2. MATERIALS AND METHODS

   1. Study location

      Muyuka is a town in Fako Division in the Southwest Province of Cameroon as shown in fig. 1a. Muyuka is the headquarter of the Muyuka subdivision. The specific location is at 4°17.4 N and 9°24.9 E. The subdivision is made up of mostly rural communities with sub-villages such as Owe, Ekata, Bafia, Muyenge, Yoke, Malende, Meanja and Mpundo. Muyuka has a population of 86,268, with a rural percentage of 67.5% [8]. Muyuka had a hydropower plant constructed in 1947 at the yoke river known as the Yoke hydropower Plant.

      The Yoke Hydropower plant: Yoke had a hydropower plant with a hydro capacity of 3.27MW constructed during the period 1947 to 1949 [9]. It was part of the Electricity Corporation of Nigeria, given that at the time, Southern Cameroons was being administered from Nigeria. The installed power was 2.2MW but the peak demand at that time was only 1.59MW [9]. When the Southern Cameroons left Nigeria, the plant was taken over by POWERCAM Corporation. The installation was dismantled after reunification with La Republique du Cameroon. Presently, with the advent of modern technology, the hydropower plant can be re-harnessed to serve as a mini-hydropower plant to alleviate the regular acute power shortage bugging the country. The scraps of POWERCAM remain standing in Yoke village.

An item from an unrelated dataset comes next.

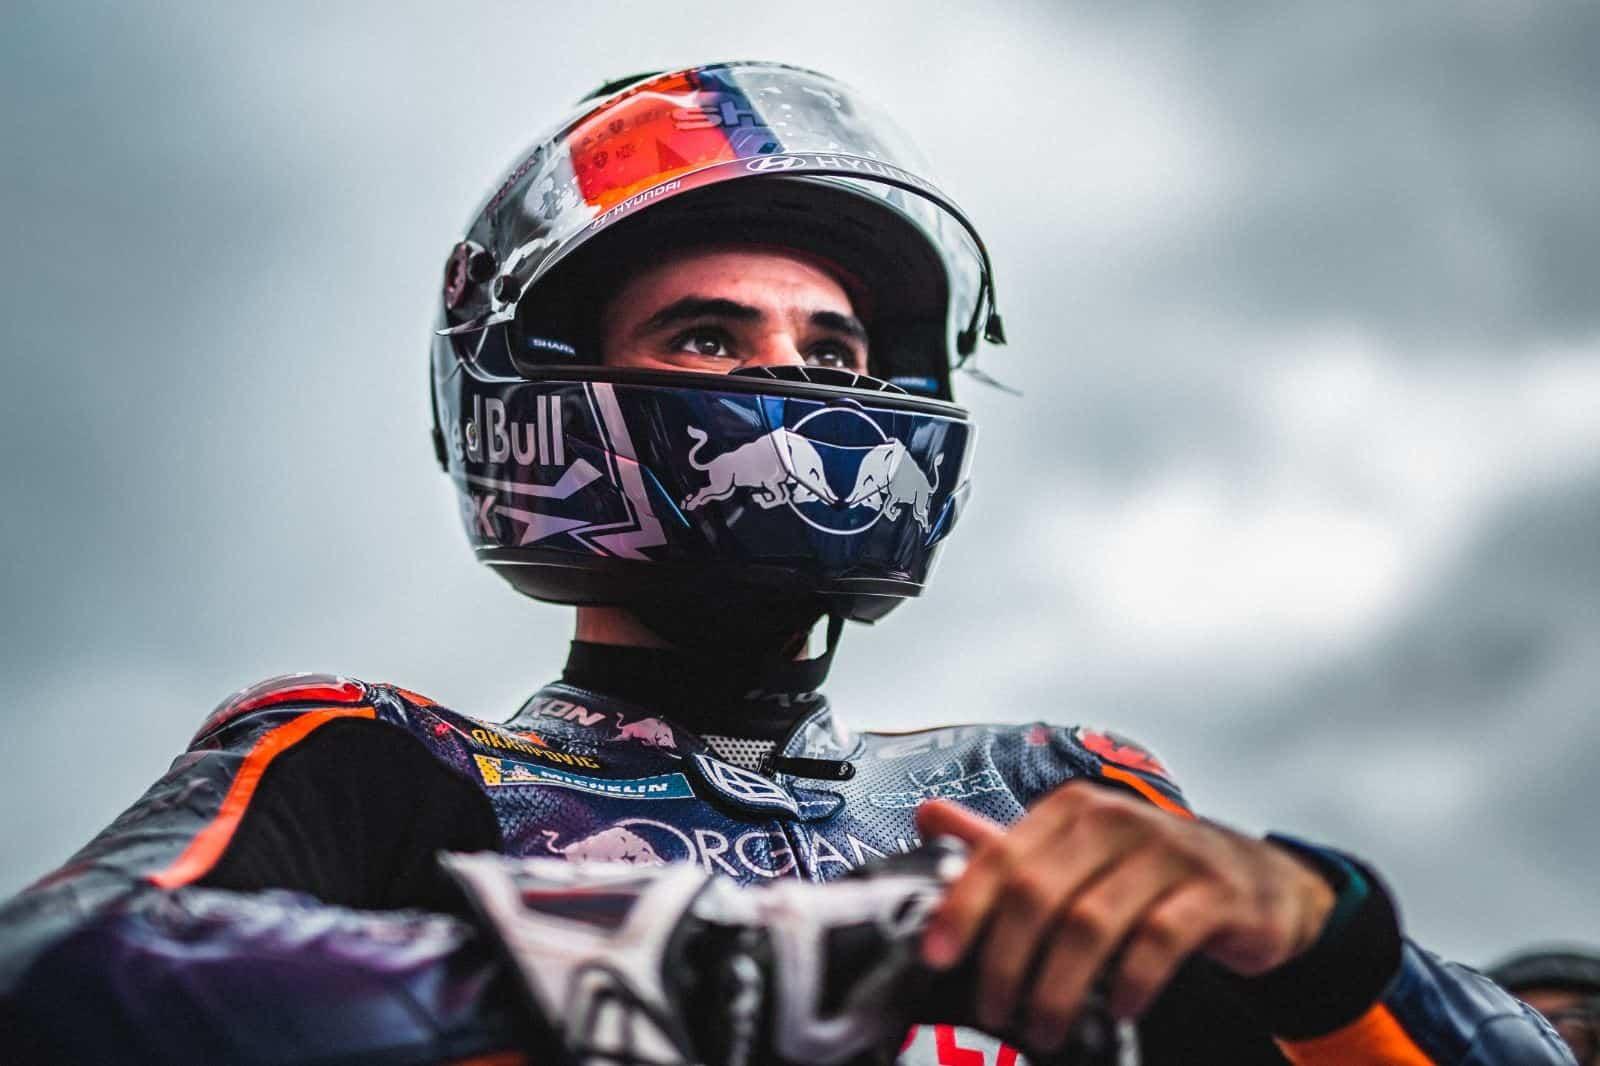 フランスGP 6位ミゲル・オリヴェイラ「4位で完走出来ると思っていた。」

      Fig. 1a. Muyuka subdivision, South West region, Cameroon [8]

      Fig. 1b. The Yoke river and the abandoned barrage

      Fig. 1b. The Yoke river and the abandoned barrage

   2. Resource potential

      Cameroon is blessed with enormous and varied resources for electricity production. The hydraulic potential is estimated at 20,000MW according to the Energy Situation of Cameroon (SEC, 2015) of which only about 5% is exploited the second-largest in Africa after the Democratic Republic of Congo [10]. The hydraulic potential is sovereign, as all the rivers that can be used are within the frontiers of Cameroon and not shared with any neighbouring country. In the electricity mix of Cameroon, solar/mini-hydro energy contributes less than 1% of the 1,600MW generated [10]. Again, the average solar radiation in Cameroon ranges from 4.5kWh/m2/day in the southern part of the country to 5.7kWh/m2/day in the northern part of Cameroon with the highest values in the Far North region [11]. Therefore, the potential to harness solar/mini hydropower systems are hugely available in the country. According to [9], the hydropower capacity of the Yoke power plant is 3.27MW. The considerations for this case study are to design a hybrid solar/mini-hydropower system that can supply 3MW of power to an a.c. Load. The hydropower system is expected to supply a peak power of 2MW in the rainy season and 1.2MW in the dry season leaving enough residual flow for the survival of biota. For a standalone hybrid system in which the load depends on intermittent energy sources such as solar and run-of-river hydropower systems, reliable backup systems are necessary. In this project, a battery bank is included to provide backup. The backup system also helps to optimise the sizing of the hybrid system.

   3. Data collection and load profile

      Load demand: The rural population of Muyuka subdivision is about 60000 [8]. With an average energy demand of less than 5kWh per month, the maximum demand of the community is about 3MW. The site daily load profile, seasonal load profile and yearly profile are shown in figure 2. The community load profile for the project has a peak load of 3MW, including a random variability of 10% daily and 20% timestep.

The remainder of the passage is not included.